A travers ces personnages, on sent très bien comment l’on est passé progressivement d’une entreprise ayant une logique industrielle forte, à une entreprise dominée par la finance et le marketing. C’est ce changement de logique qui est à la base de la fermeture d’une usine pourtant extrêmement performante, un des fleurons de l’industrie pharmaceutique en Europe. Dans la dernière partie du livre, l’analyse des raisons qui ont amené la direction à fermer cette usine est présentée de façon magistrale. L’intérêt de cette analyse est qu’elle a valeur d’exemple, bien au-delà de cette seule histoire. On comprend pourquoi les intérêts des salariés et ceux des malades sont parfaitement compatibles entre eux, mais qu’en revanche les deux sont absolument incompatibles avec celui d’actionnaires qui réclament des intérêts annuels de 15%, un taux qui ne peut être offert que dans une démarche financière spéculative détruisant une logique industrielle rationnelle. La démonstration de la validité, de la gravité de cette proposition, ressort avec une force impressionnante des propos des travailleurs de Romainville, réécrits par S. Rossignol.

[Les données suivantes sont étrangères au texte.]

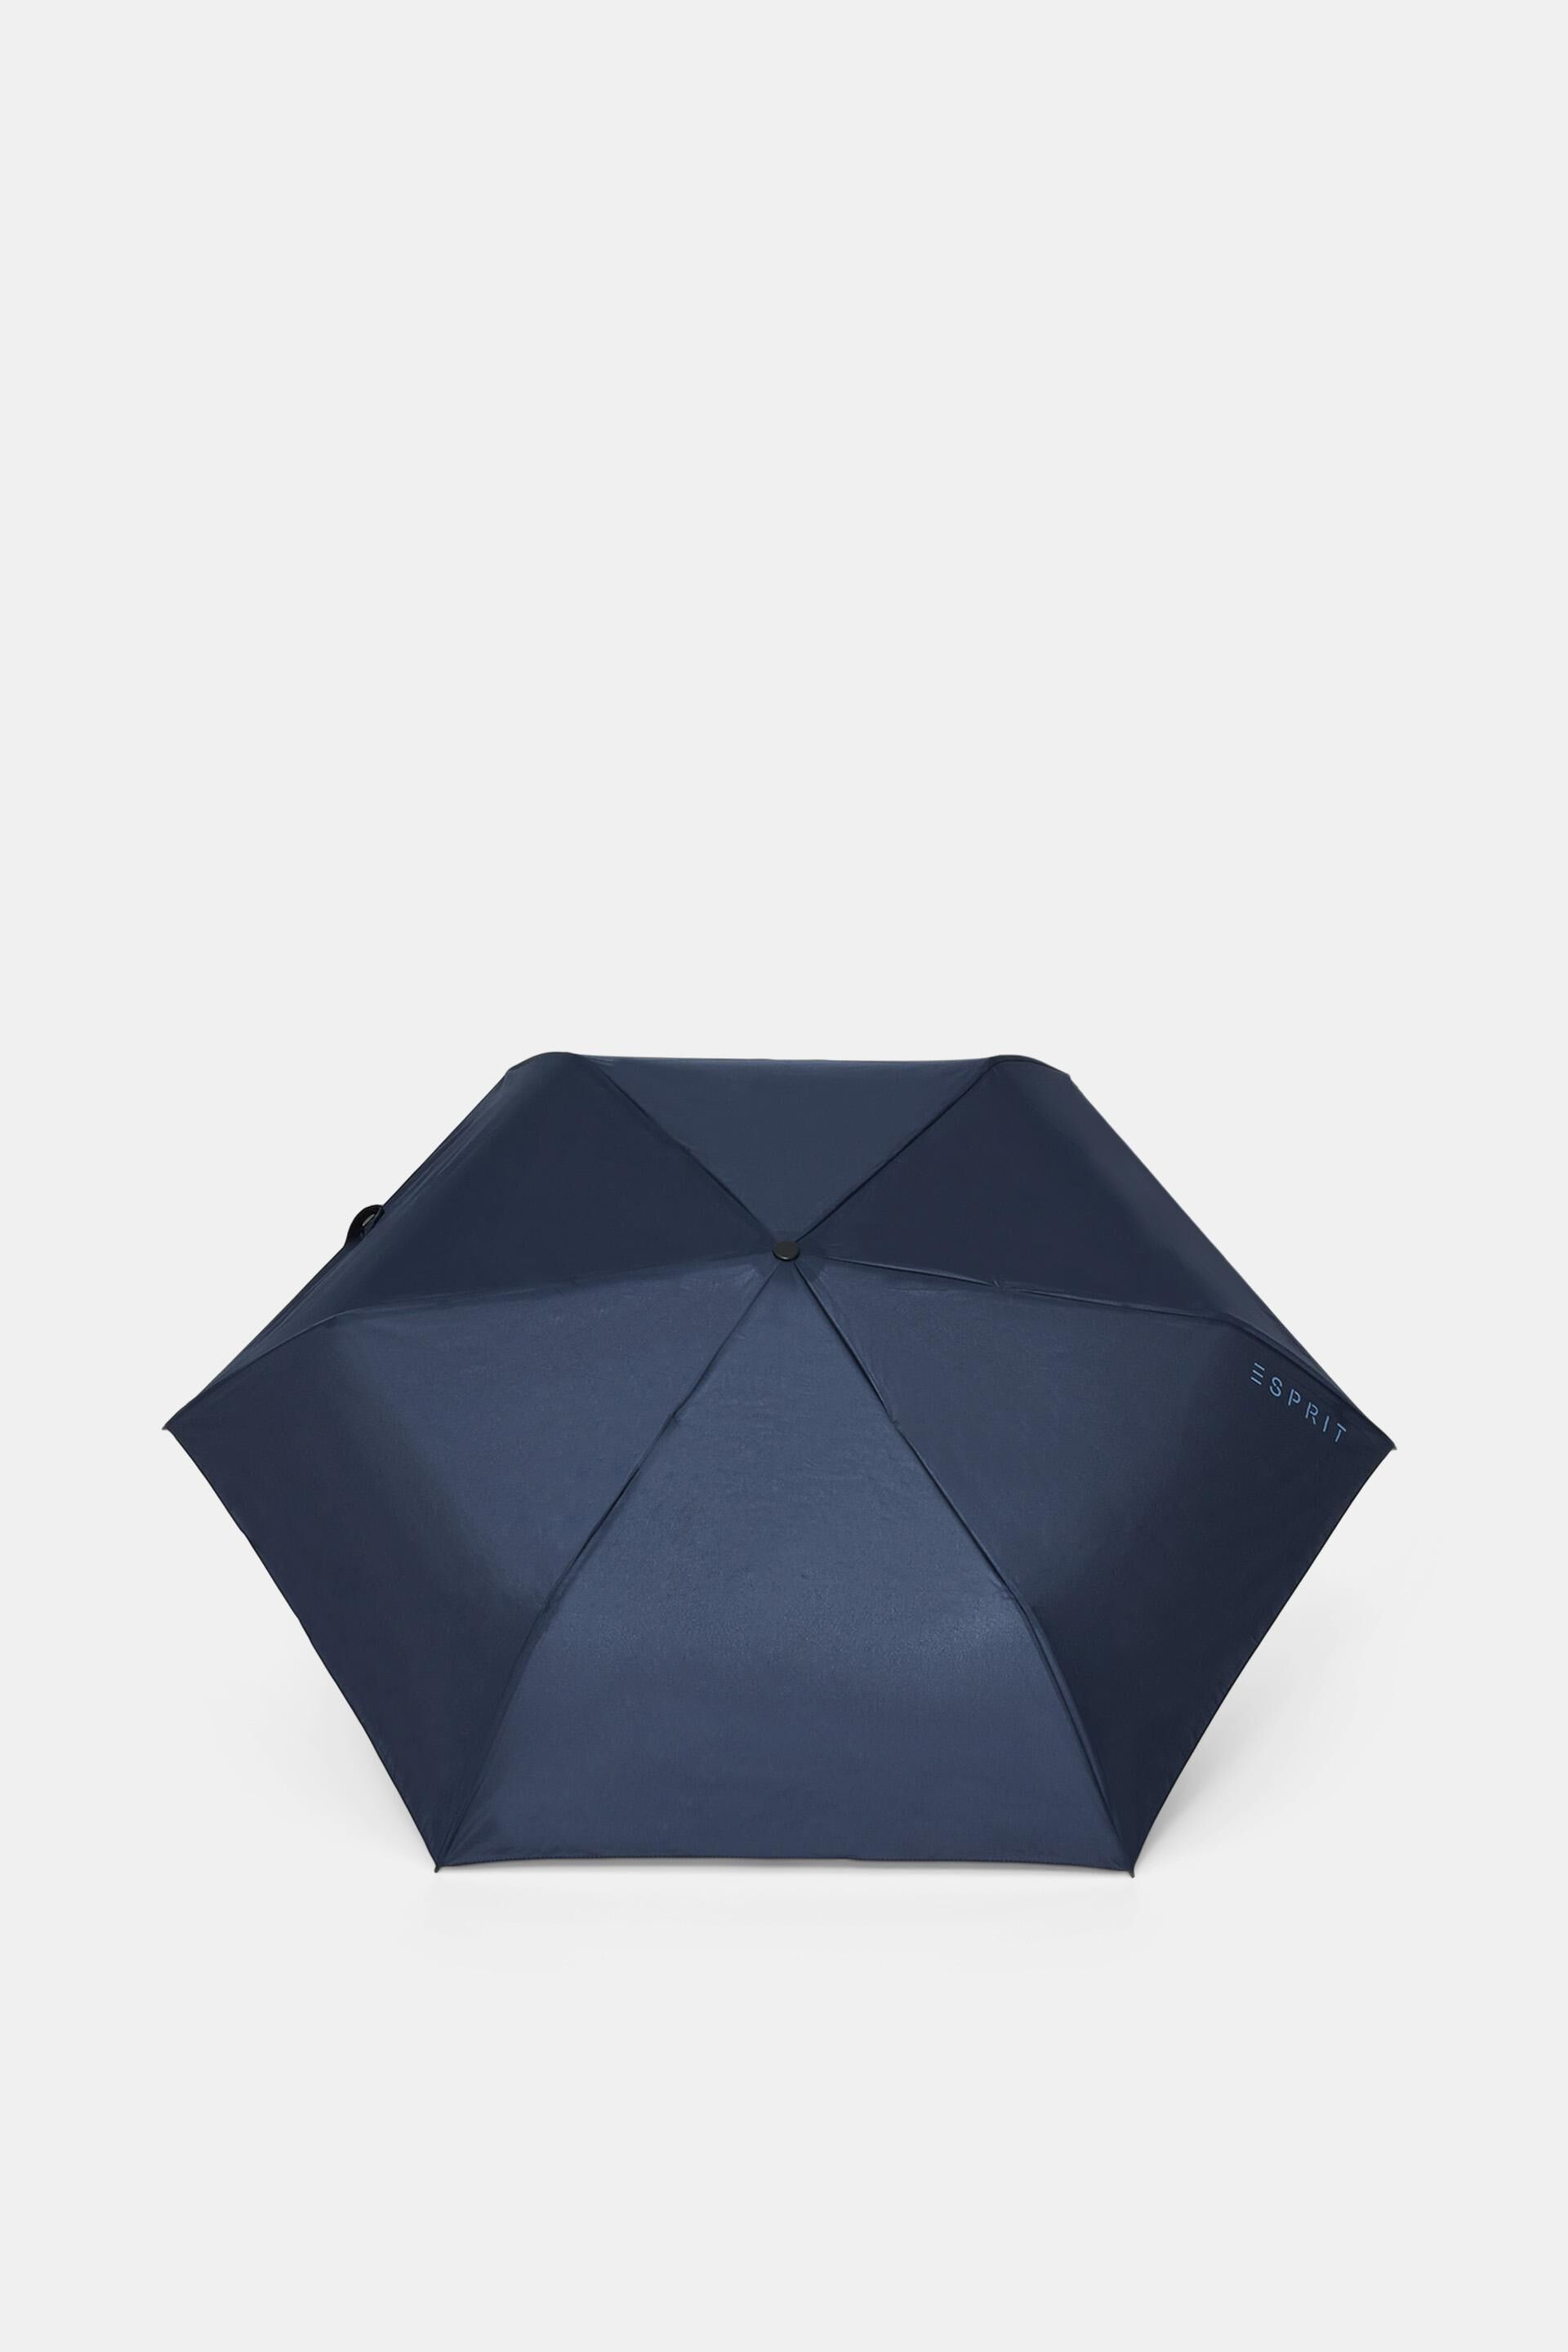 Esprit Online Store Easymatic Slimline-Taschenschirm in Blau

Il faut lire ce livre. Et à la fin, peut-être que, comme moi, vous n’arriverez pas à le refermer. Surfant sur internet, vous irez sur le site éponyme notreusineestunroman ou sur celui du projet Nereis. Il n’est quasiment pas question du projet Nereis dans le livre, mais il y a un lien très fort entre les deux. Quand les salariés de Romainville ont compris que leur patron était déterminé à fermer l’usine, ils ont monté un contre-projet très élaboré de partenariat public-privé, qui aurait permis à l’usine de continuer à tourner, en y associant Aventis, le CNRS et l’INSERM. Les équipements de l’usine d’Aventis à Romainville, la chimiothèque du CNRS, un screening des effets de ces molécules en partenariat avec l’INSERM : il y avait de quoi monter un projet très ambitieux. Un projet complet, avec business-plan a été présenté aux différents partenaires et au gouvernement. Mais il a été rejeté, comme cela a été raconté dans une Tribune parue dans Le Monde le 9 mars 2004 (Aventis, Nereis et le petit gouvernement, voir ci-joint). Pour maintenir le niveau des actions de Sanofi-Aventis, il ne fallait surtout pas montrer la viabilité d’une autre façon de faire de la recherche pharmaceutique. Il fallait tout casser, littéralement : on apprend ainsi dans le livre que la direction de Sanofi-Aventis a fait casser la verrerie sur place, cela revenait moins cher que de la donner !

On sort de ce bouquin en colère, admiratif devant les hommes et les femmes qui ont travaillé et se sont battus à Romainville. On a l’impression d’un peu mieux comprendre ce qui s’est joué là-bas, et qui continue de se jouer ailleurs, maintenant, une pièce absurde, qui met en place un avenir inacceptable. Avons-nous le droit, et le temps, de rester inactifs face à cette évolution prévisible, pour qui sait tirer les leçons de ce passé récent ? Faudra-t-il une catastrophe pour qu’il soit enfin possible d’enrayer cette machine infernale ?

Note : les photos viennent toutes du site notreusinestunroman, sauf celle de S. Rossignol et A. Lacour, venant de Ouest France.